DATA SHOWN:

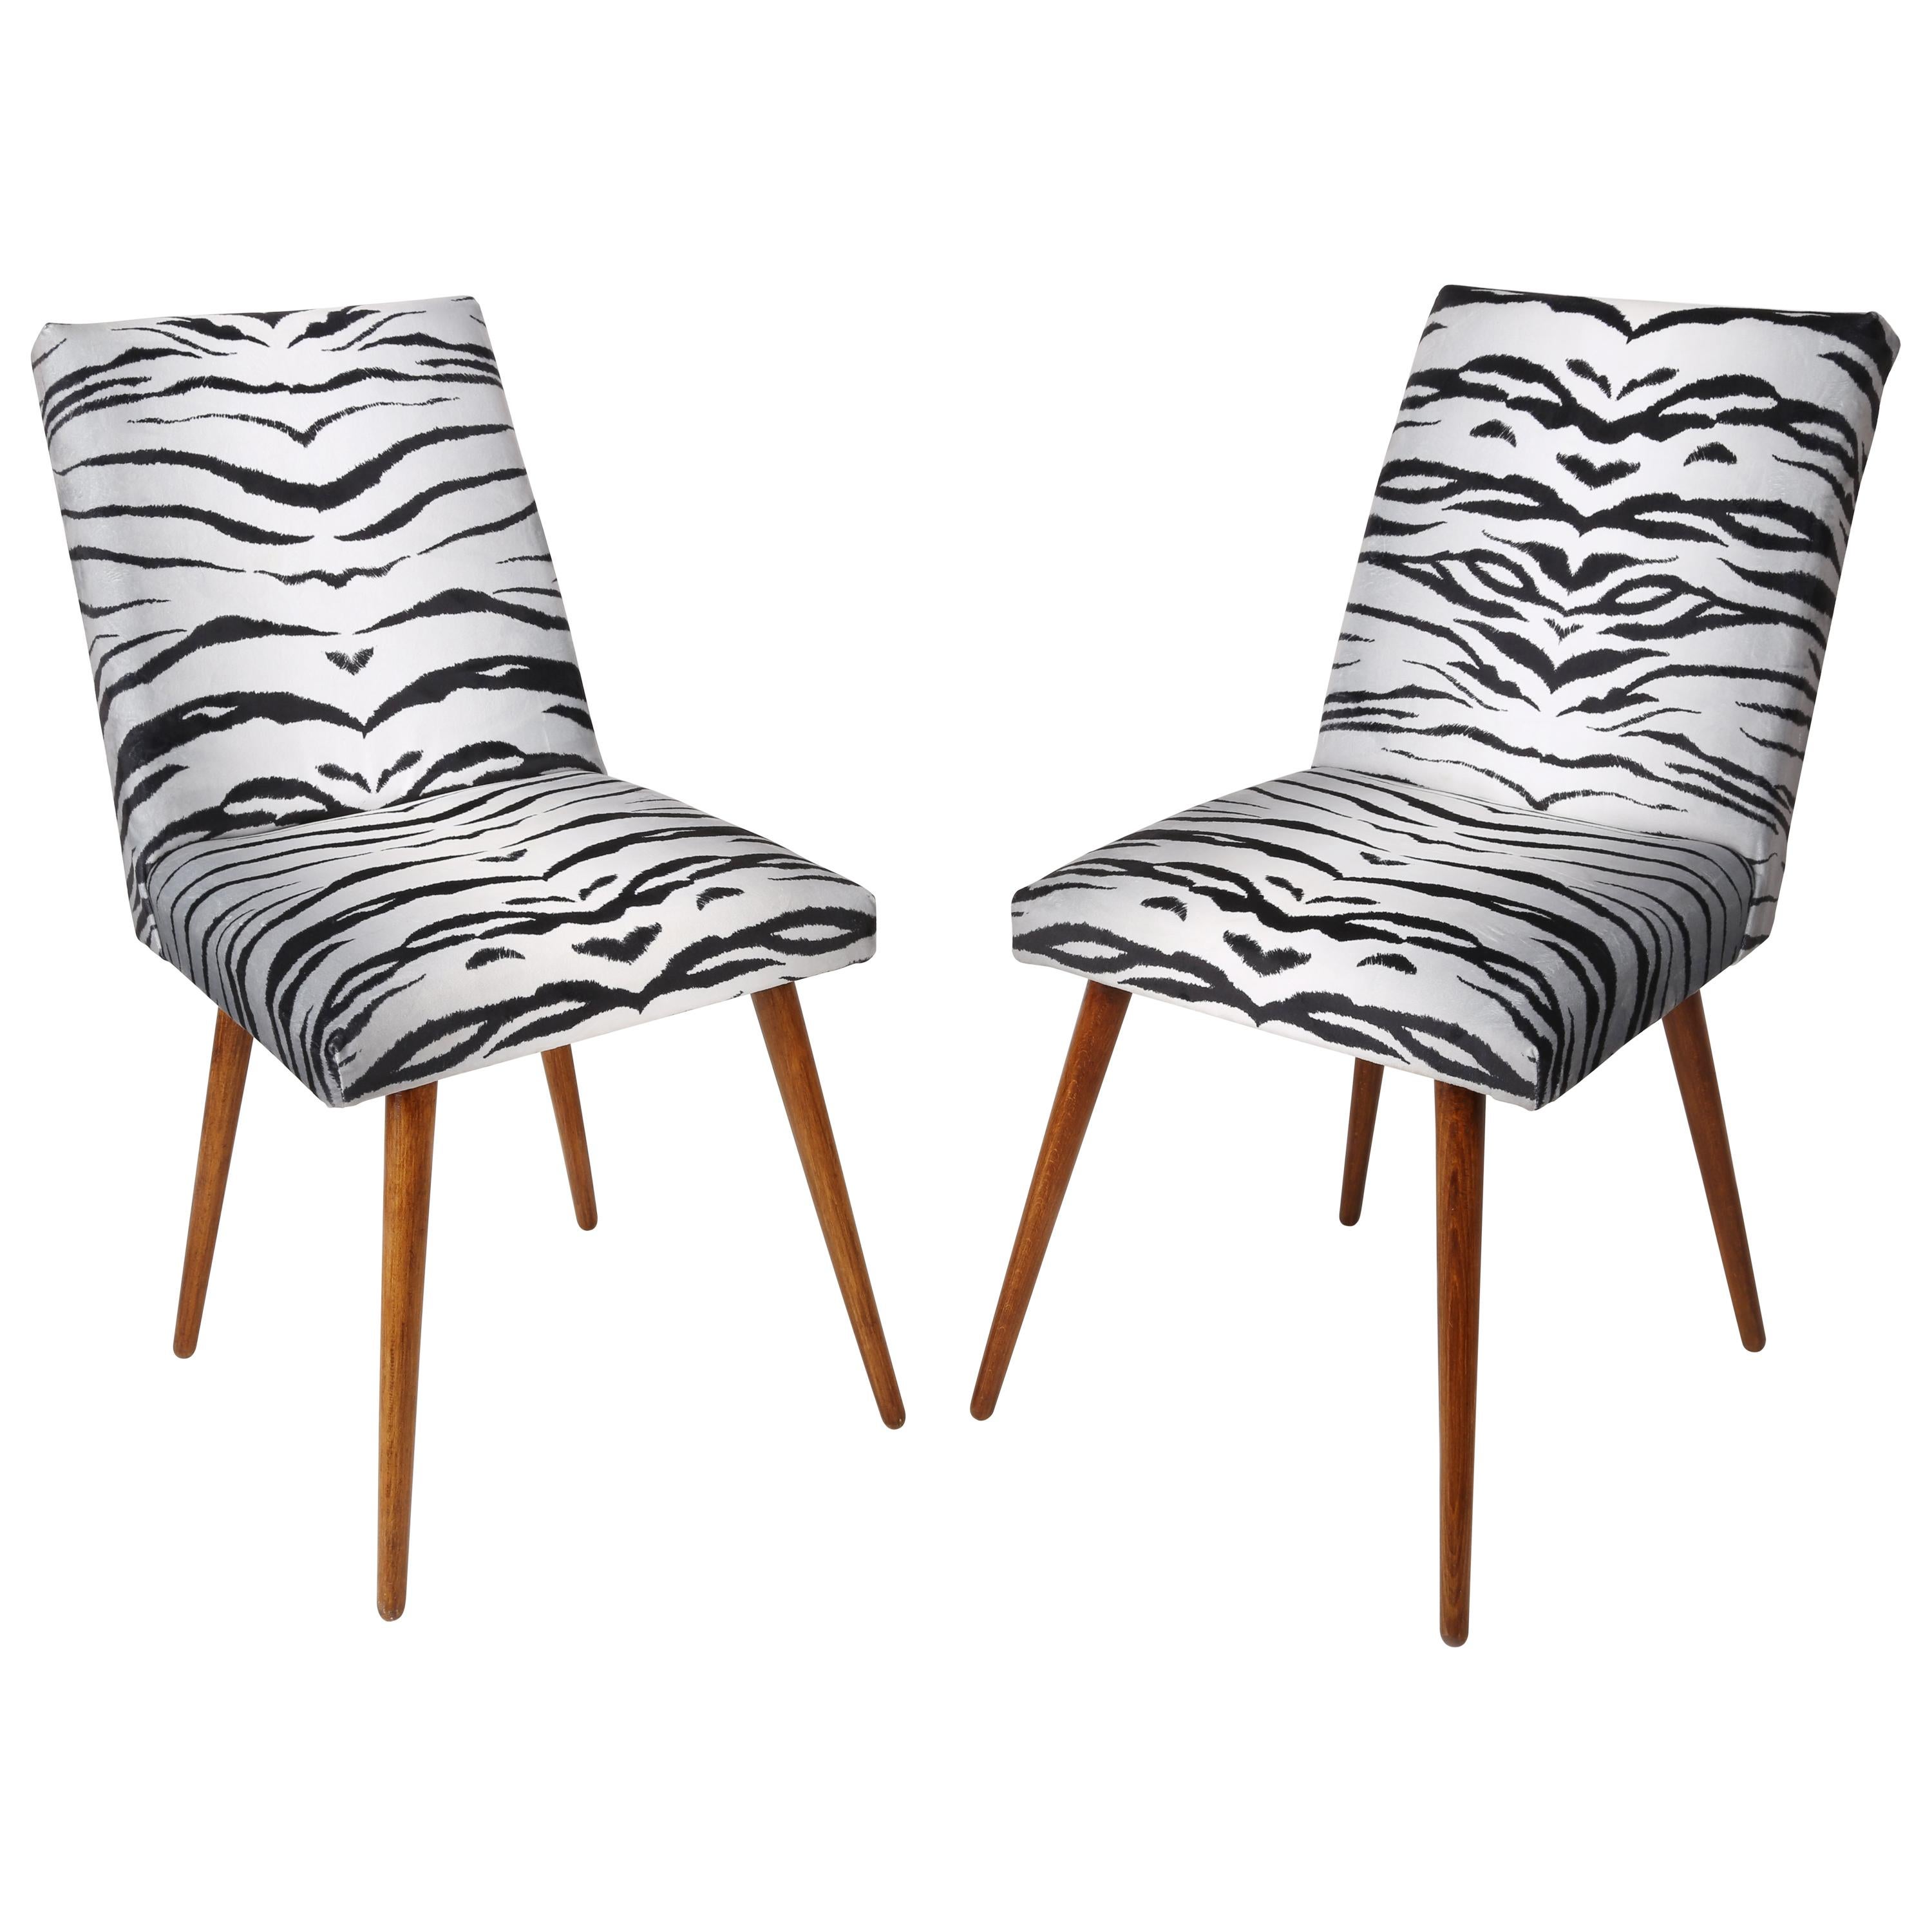 Set of Two 20th Century Black and White Zebra Velvet Chairs, 1960s
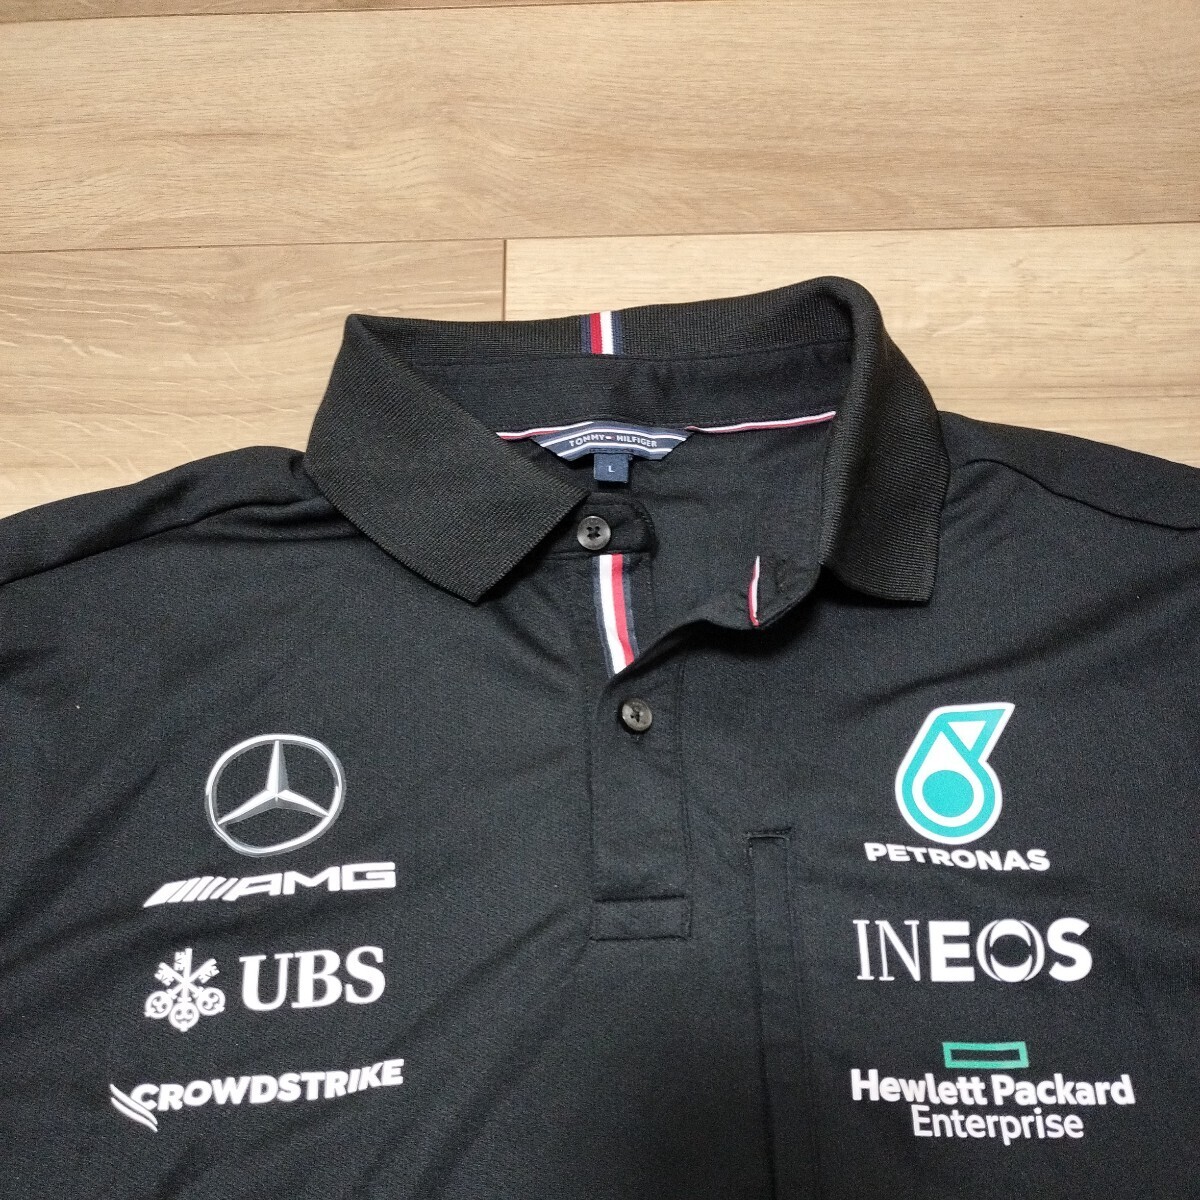 2021 Mercedes AMGpe Toro nasF1 team supplied goods polo-shirt L size not for sale Hamilton botasTOMMYHILFIGER Japan GP
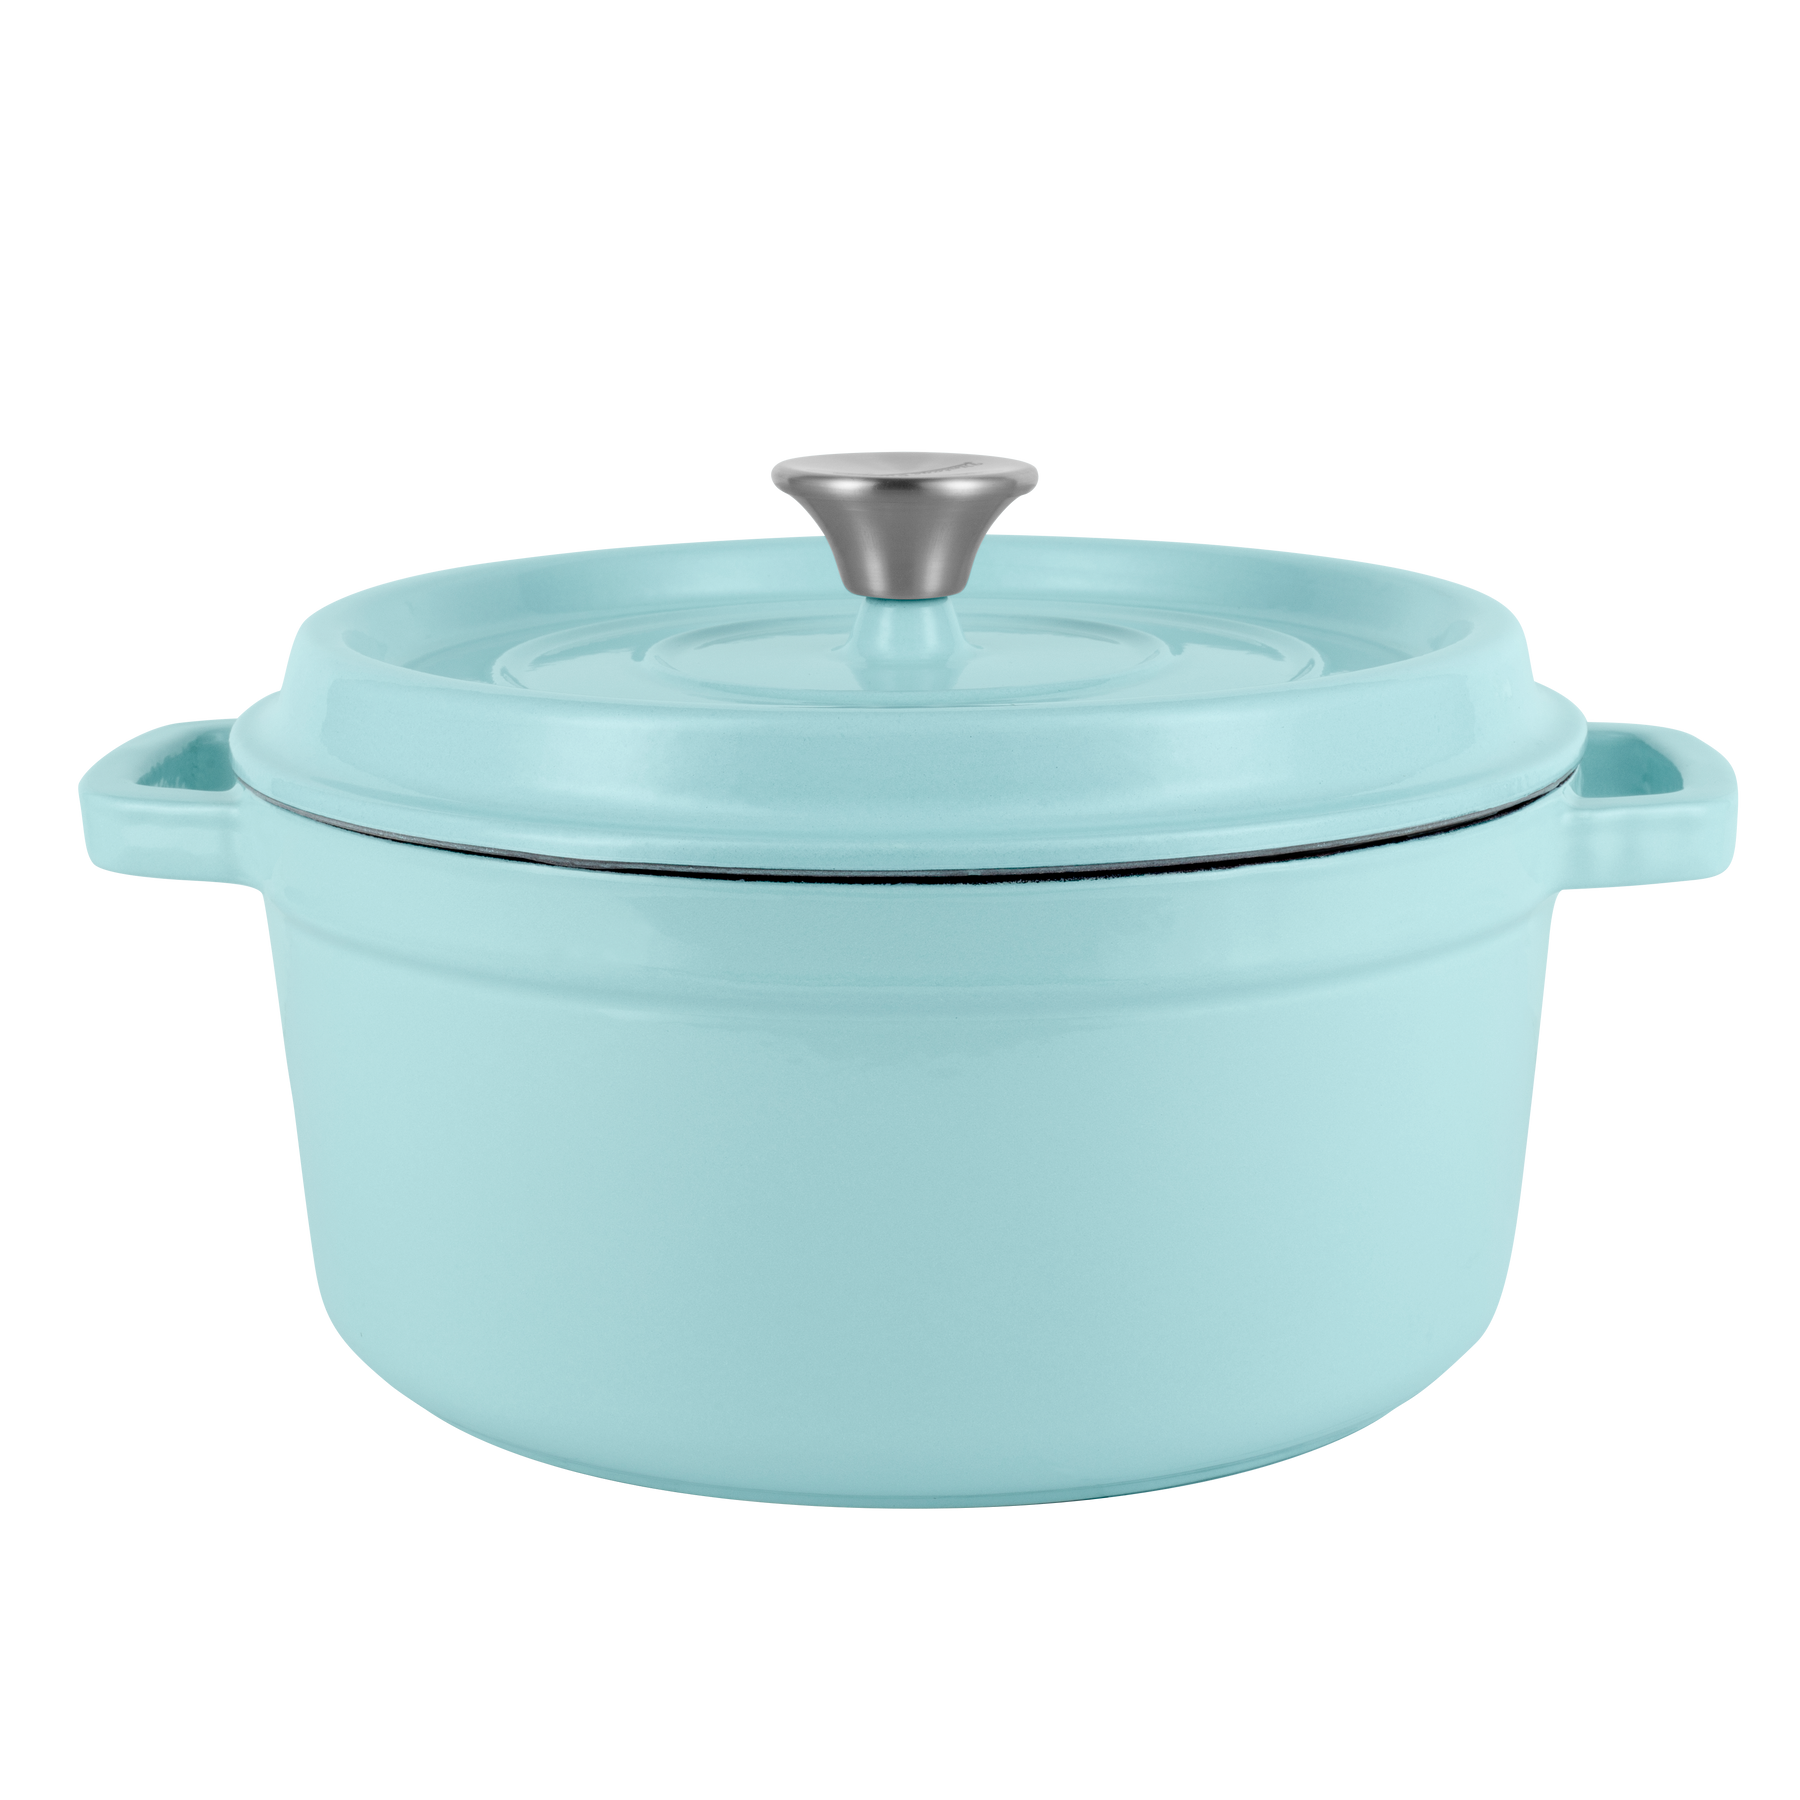 Enemeled cast iron pot with lid 2,2L by Vintage Cuisine

WHAT THIS TASK INVOLVES: Give back every line of the material above word for word, leaving out the pictures.

RESPONSE AREA:
 Set of Two 20th Century Black and White Zebra Velvet Chairs, 1960s
 2021 Mercedes AMGpe Toro nasF1 team supplied goods polo-shirt L size not for sale Hamilton botasTOMMYHILFIGER Japan GP
 Enemeled cast iron pot with lid 2,2L by Vintage Cuisine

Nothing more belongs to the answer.